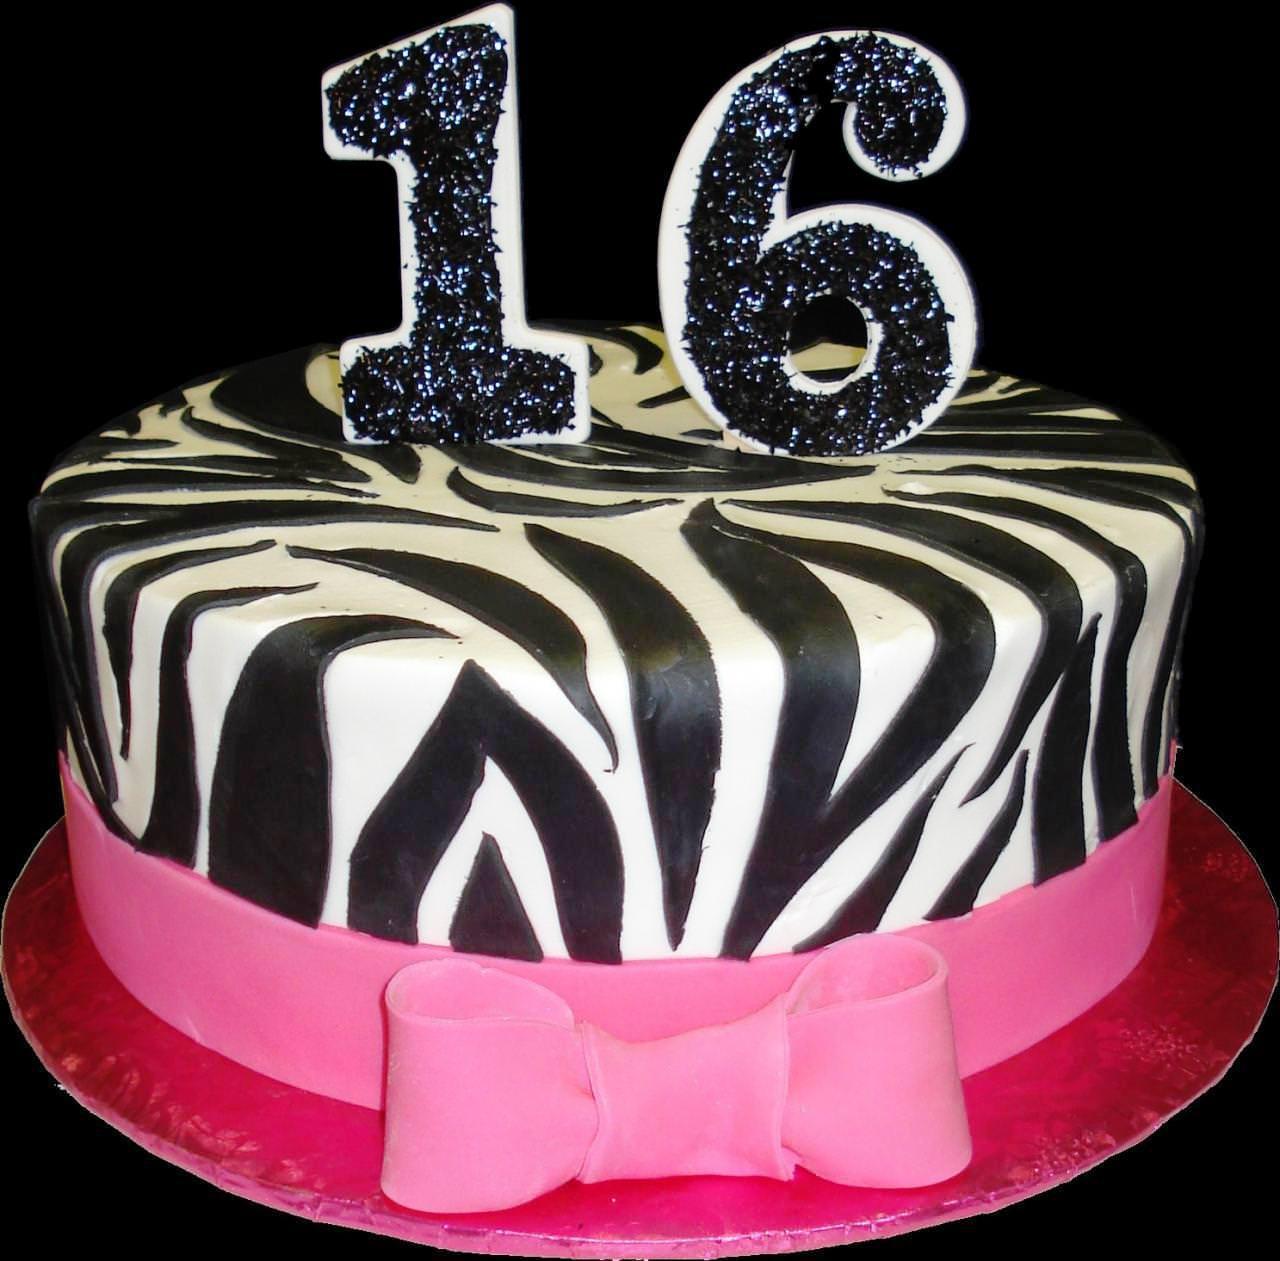 Sweet 16 Birthday Cake 16th Cakes Ideas For Boys Protoblogr Design
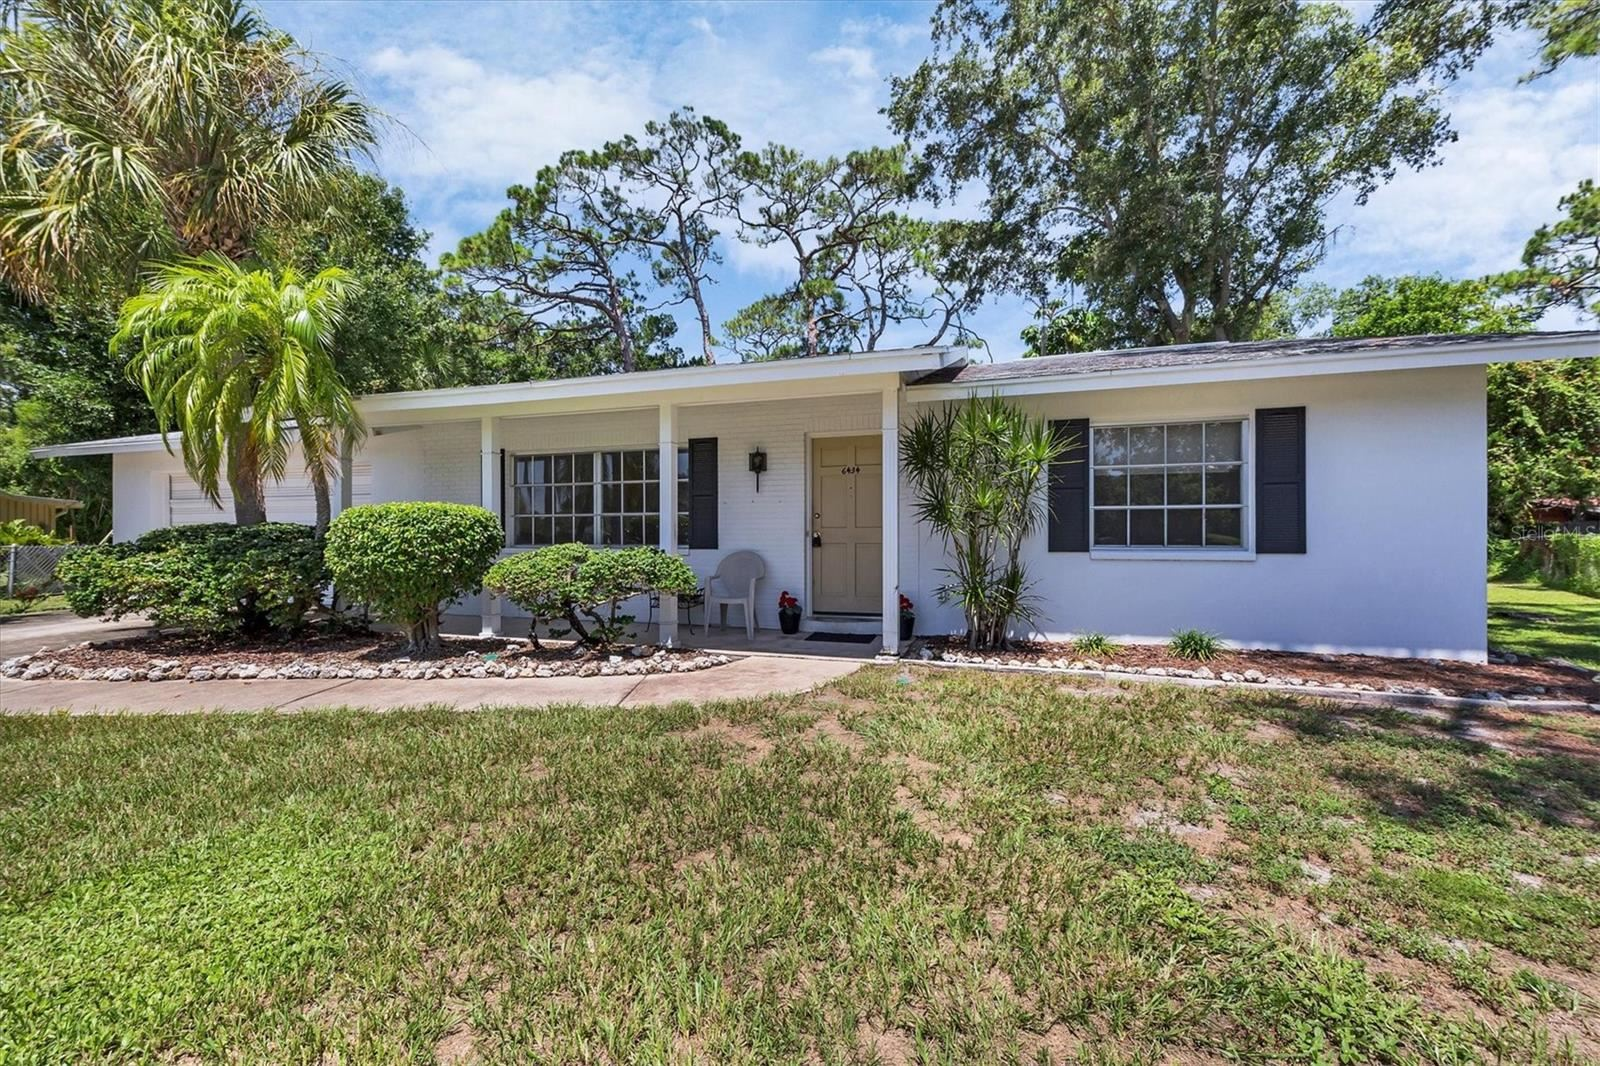 6434 COLONIAL DRIVE, Sarasota, FL 34231 - #: N6116868
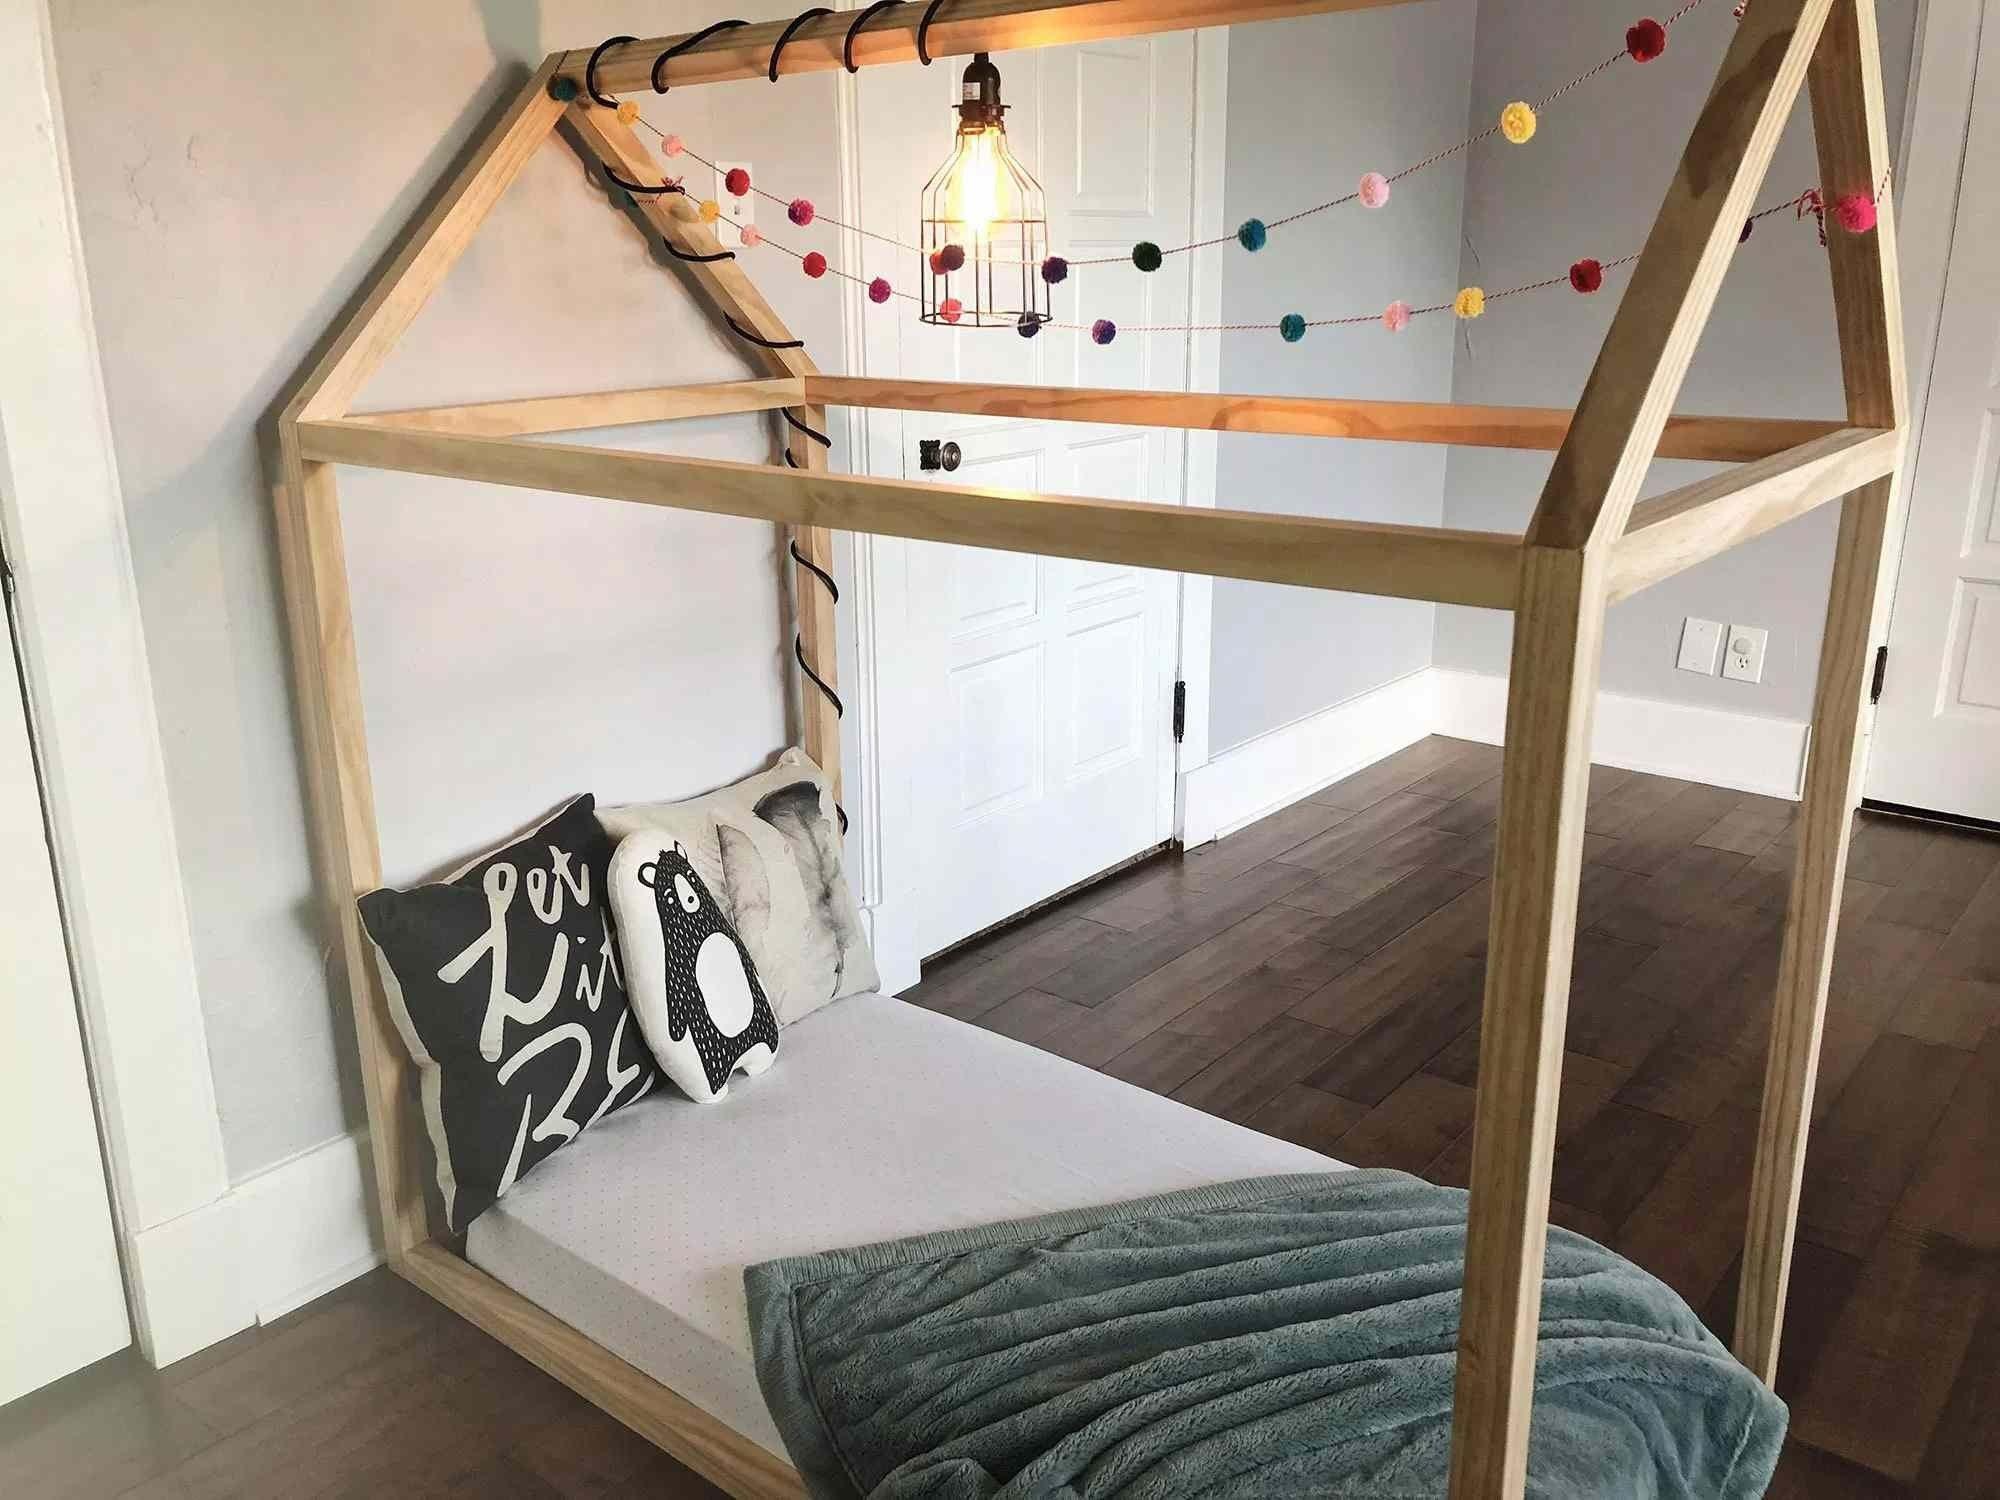 蚂蚁彩票 蚂蚁彩票官网 蚂蚁彩票app 蚂蚁彩票下载 House Beds For Kids Toddler House Bed Toddler Bed Frame

▬▬▬

PROBLEM TO WORK ON:
Please copy the data shown above precisely, leaving the images out.

RESPONSE:
 Sweet 16 Birthday Cake 16th Cakes Ideas For Boys Protoblogr Design
 6434 COLONIAL DRIVE, Sarasota, FL 34231 - #: N6116868
 蚂蚁彩票 蚂蚁彩票官网 蚂蚁彩票app 蚂蚁彩票下载 House Beds For Kids Toddler House Bed Toddler Bed Frame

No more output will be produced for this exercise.